In this section we will focus on everything after the object and then how the script can be invoked from the command line using parameters.

The first thing that we need to do is authenticate to the Microsoft Graph, we use the Connect-MgGraph command for this when using direct execution, for automation scenarios, please review the Microsoft Documentation.

Once we have authenticated, We use the Invoke-MGGraphRequest to POST the param object to the Graph API. In this example, we assign this call to the $Team variable so we can then track the team creation.

After the initial POST to the API, the example then use a while loop to track the creation of the team.
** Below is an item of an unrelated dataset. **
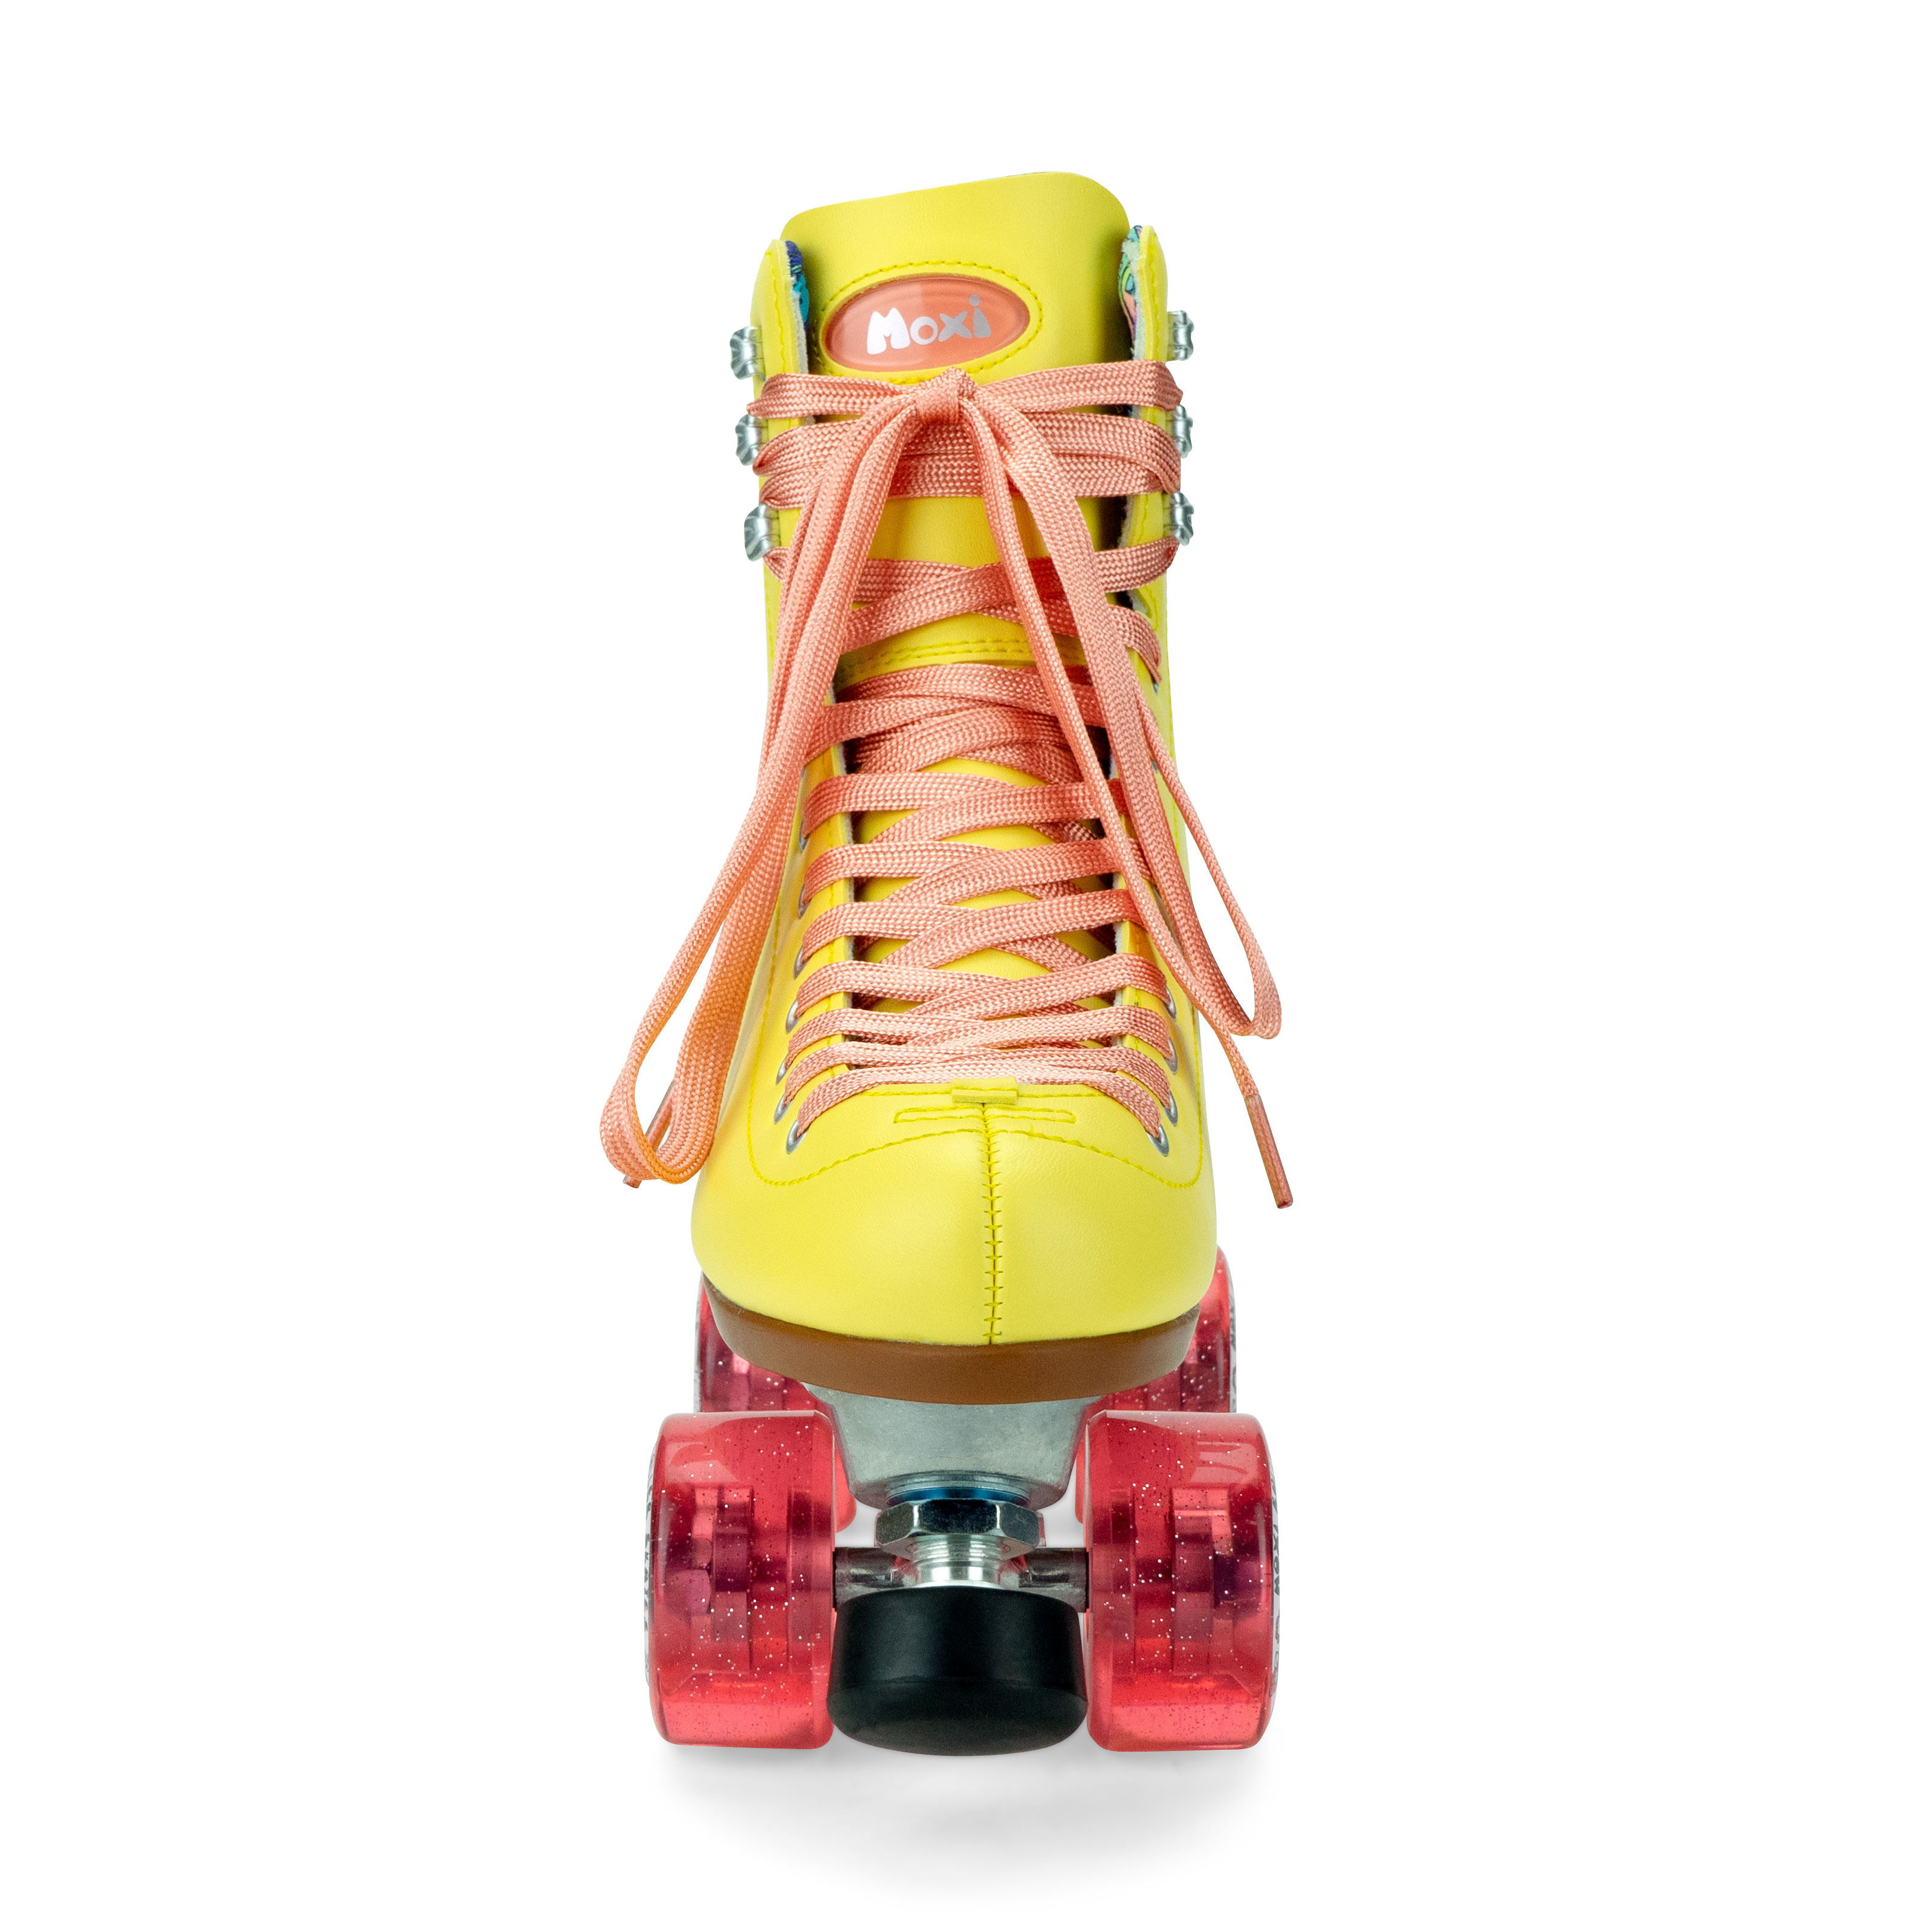 Holiday Deal - Moxi Beach Bunny Roller Skates + Accessories 30% OFF

As mentioned in the tip at the start of this section, the API call to create the team is more of an orchestration API which is the reason we need to go to the additional effort to track the progress of creation.

#Wait while the team is created, this below link tracks the job. 
while ((Invoke-MGGraphRequest -URI "https://graph.microsoft.com/beta$($Team.Headers.Location.OriginalString)").status -ne "succeeded") {
    Start-Sleep 60
    "Awaiting the team creation to complete..."
}

Once the operation has succeeded, you can then layer on additional customisations, such as removing the Wiki tab as shown in the example below.

#Get the Teams ID from the Output of the header
$TeamID = (Select-String -Pattern "\'([^\']*)\'" -InputObject $Team.Content.Headers.ContentLocation.OriginalString).Matches.Groups[1].Value
#Get the Teams Channels for the new Team
$TeamChannels = Get-MgTeamChannel -TeamId $TeamID

#For Each of the Channels, remove the Wiki Tab and ensure they are all set to show by default
ForEach ($Channel in $TeamChannels) {
    $wikiTab = (Get-MgTeamChannelTab -ChannelId $Channel.id -TeamId $TeamID | Where-Object {$_.DisplayName -eq "Wiki"}).id

    Remove-MGTeamChannelTab -TeamId $TeamID -ChannelID $Channel.id -TeamsTabId $wikiTab

    Update-MGTeamChannel -TeamId $TeamID -ChannelID $Channel.id -IsFavoriteByDefault 
}

Conclusion

As mentioned at the start, automation is the key to consistency when performing repetitive tasks. Hopefully this post can aid with the understanding of how to achieve and automated approach to creating Teams and Channels within your organisation.